К тому времени, когда Лью полностью расшифровал эту шутку, он уже понял, что вполне способен не обращать на нее внимания. Его способности работать в офисе и в полевых условиях были не худшими в агентстве, но он знал, что его отличает от остальных сотрудников острая чувствительность к невидимому.

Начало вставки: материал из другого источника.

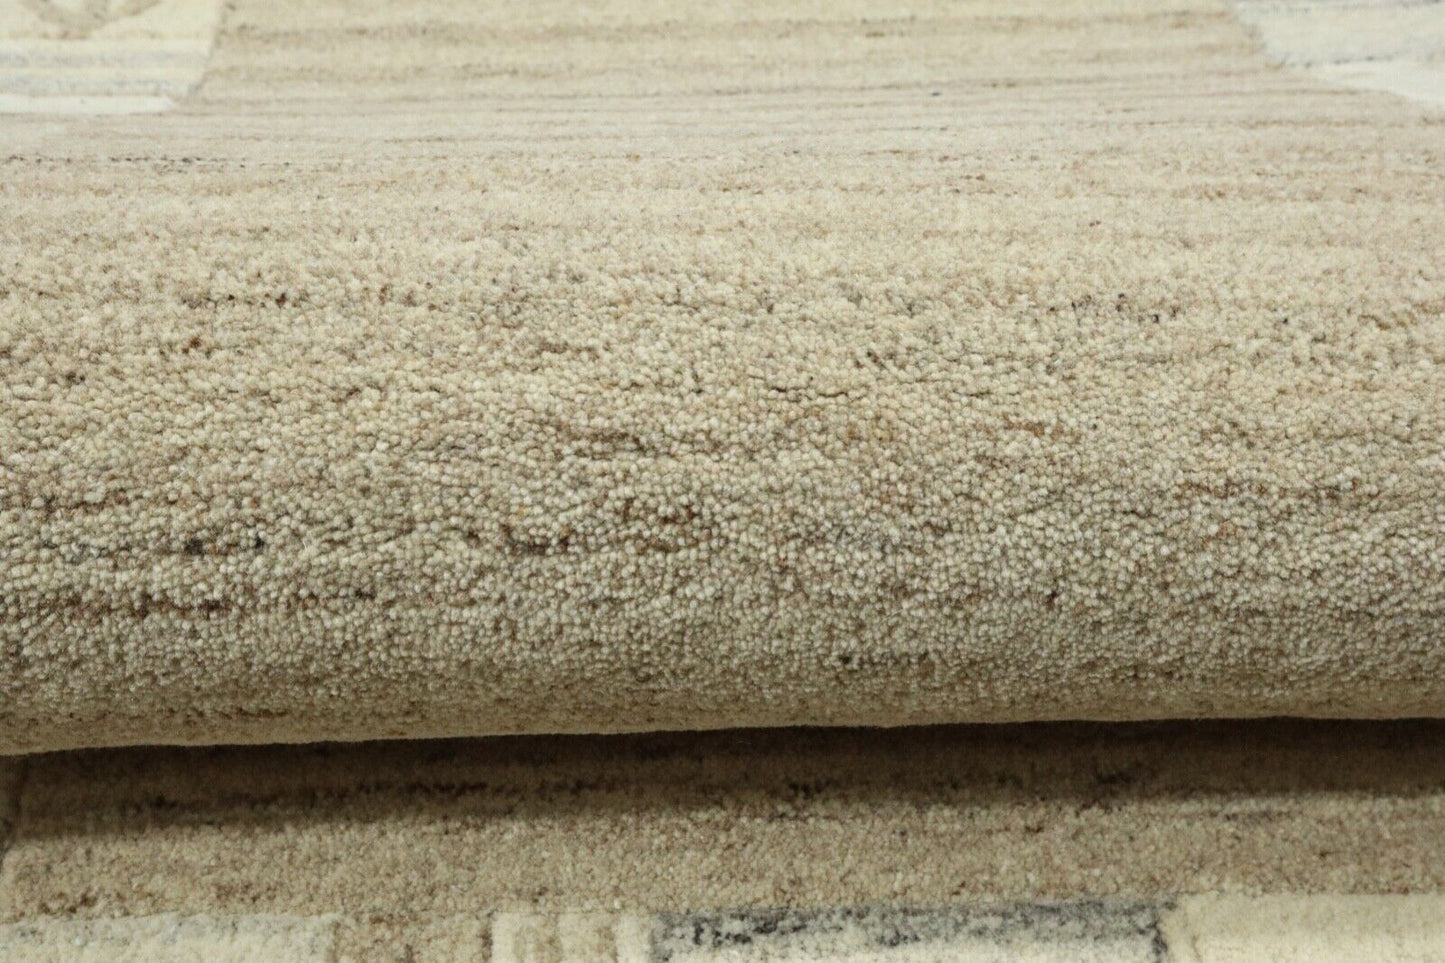 Gabbeh Teppich 100% Wolle 70X140 cm Handarbeit Braun Beige Handgetuftet T1011
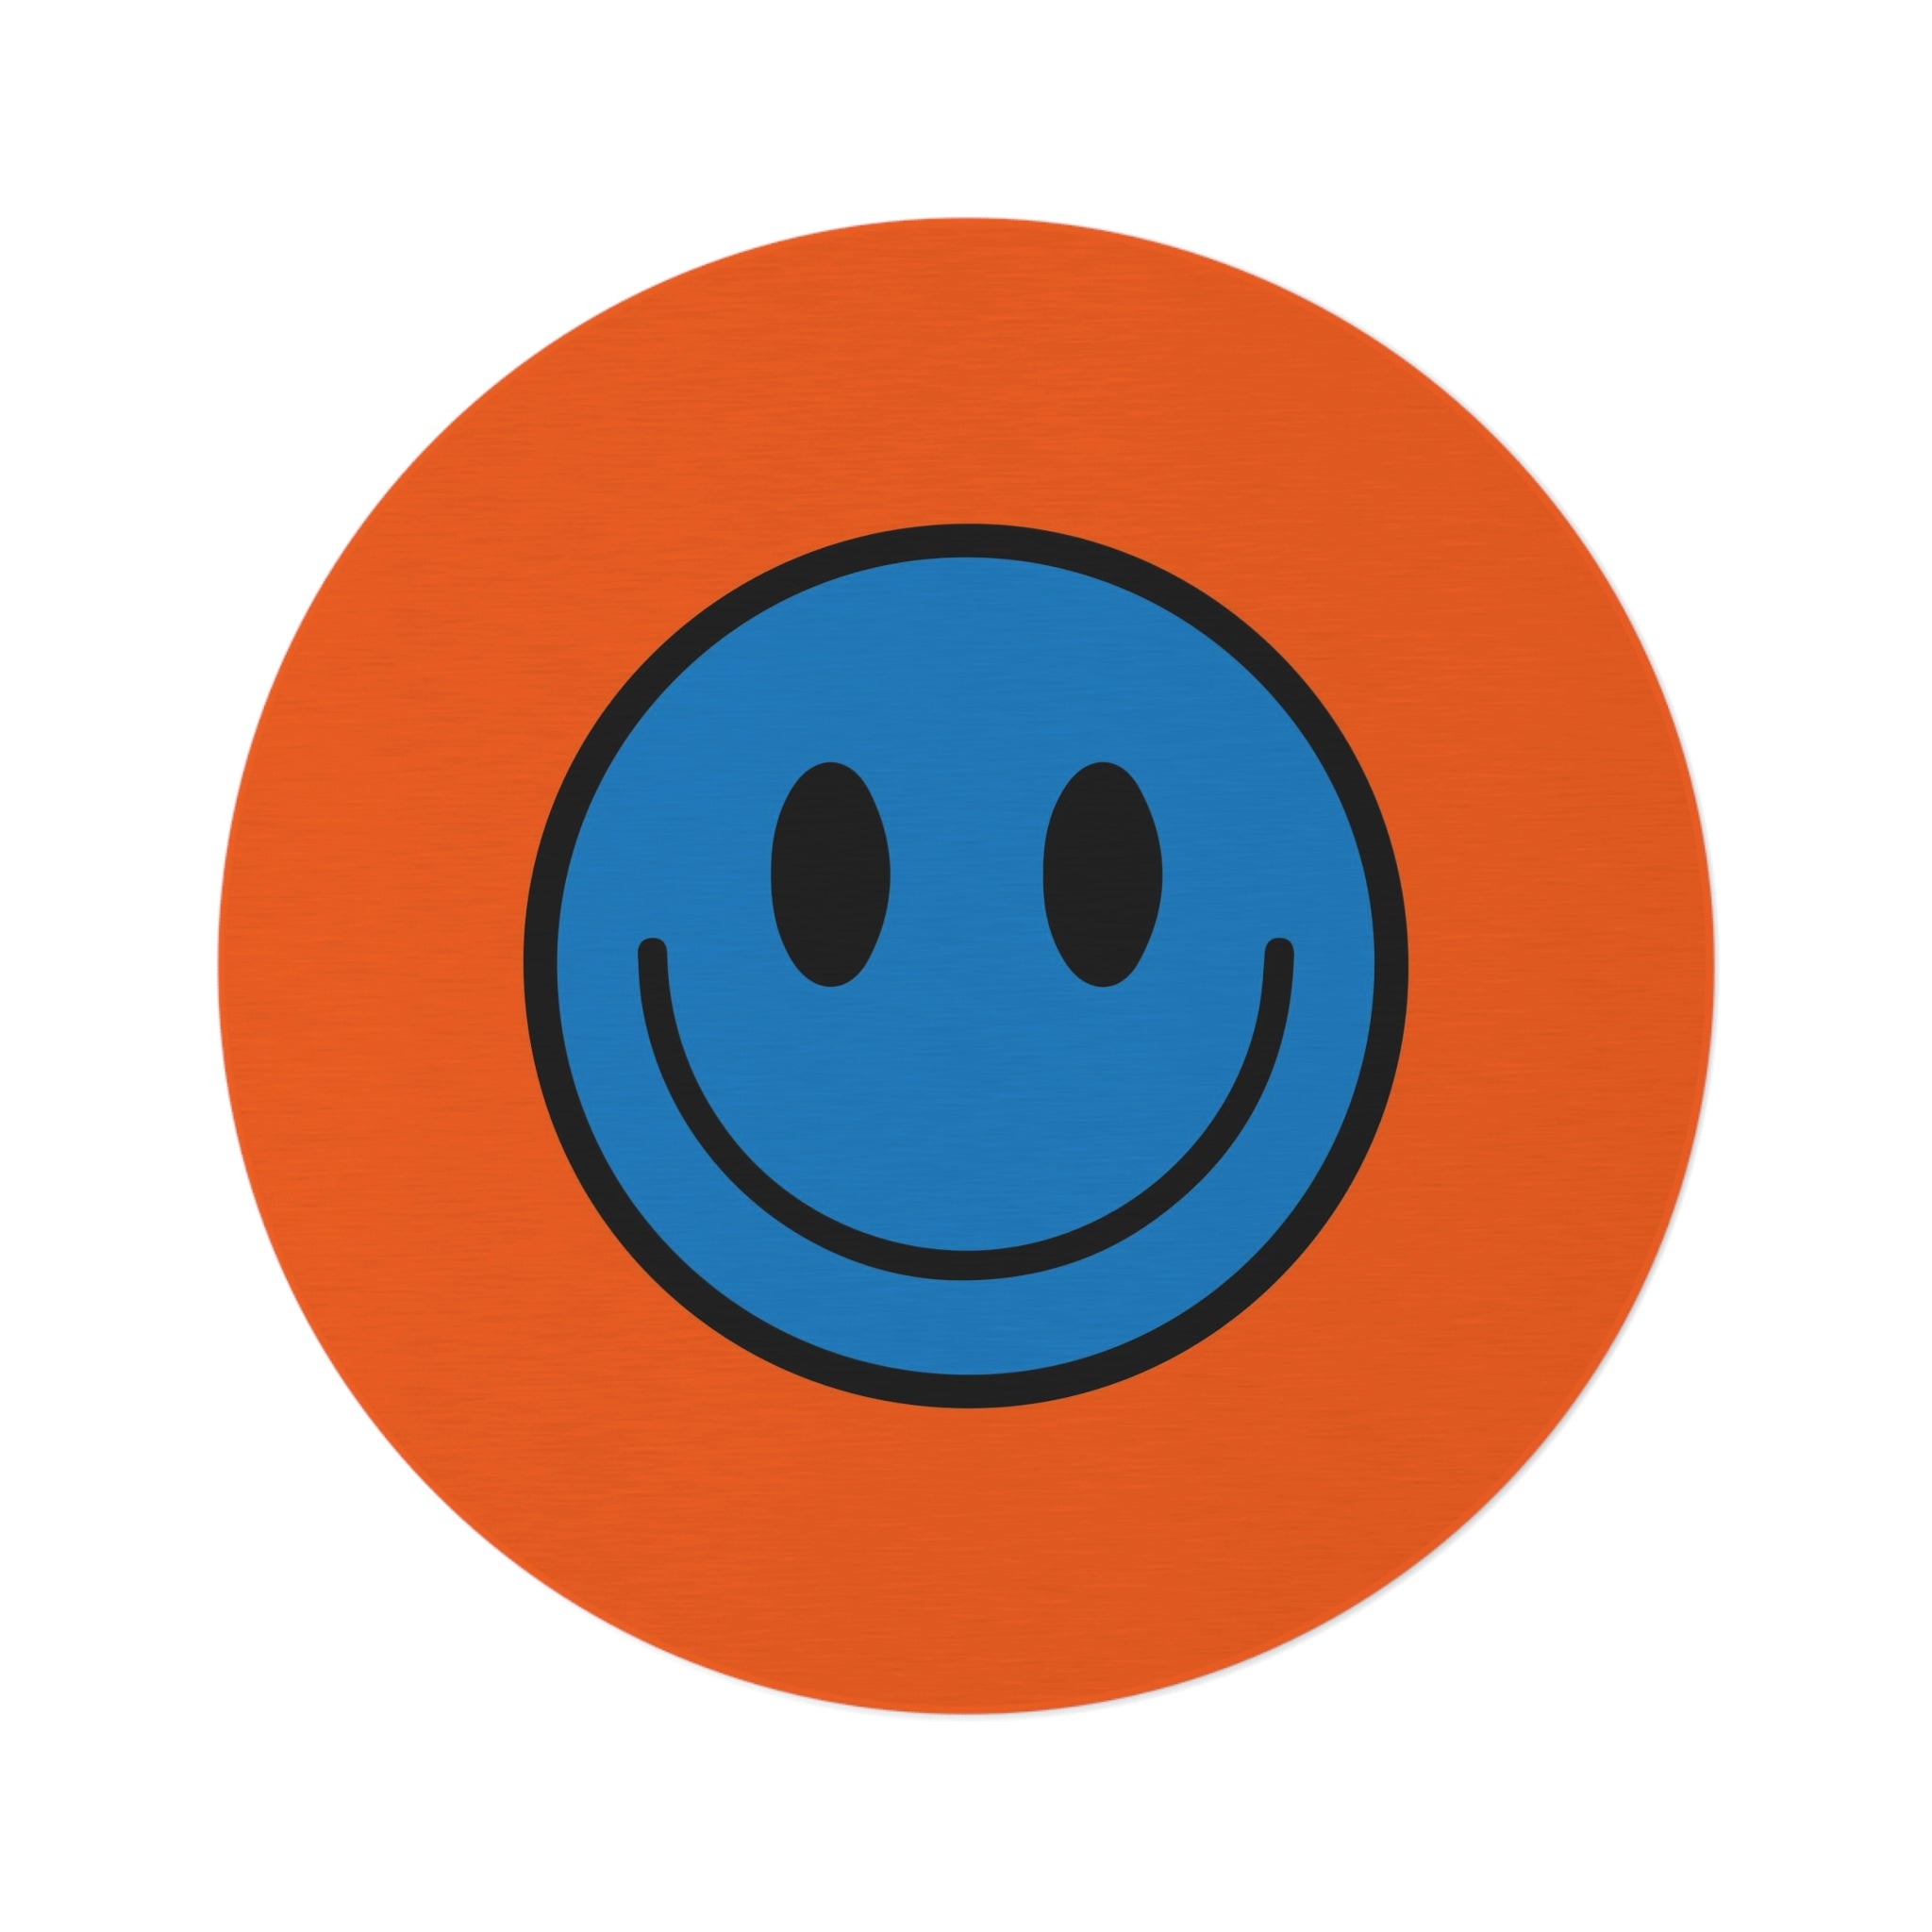 Round Rug Happy Face pattern blue/orange

В «Расследованиях Белого города» невидимость считалась сакральным условием, целые чертовы этажи офисного здания выделяли под освоение его искусства и науки — ресурсы для маскировки, которые могли бы превзойти костюмерную любого театра на запад от Гудзона, ряды комодов и зеркал, продолженные длинными тенями, гектары костюмов, леса вешалок для шляп, содержащие целый Музей истории шляпы, бесчисленные шкафы, полные париков, фальшивых бород, клея, пудры, сурьмы и румян, красителей для кожи и волос, регулируемая газовая лампа возле каждого зеркала, с приема в саду коттеджа миллионера в Ньюпорте можно переместиться в салун полуночных трущоб с помощью одного-двух поворотов клапана. Лью нравилось бродить там, примеряя разные аксессуары, словно каждый день Хэллоуин, но спустя некоторое время он понял, что не должен этого делать. Он научился отступать на обочину дня. Мостовая, на которую он отступал, хранила свою богатую непостижимую историю, свои опасности и восторги, свой потенциал неожиданных романов и безвременных похорон, но, когда он находился там, очевидно, никто в «Чикаго» не мог с легкостью вычислить его местопребывание. Не совсем невидимость. Экскурсия.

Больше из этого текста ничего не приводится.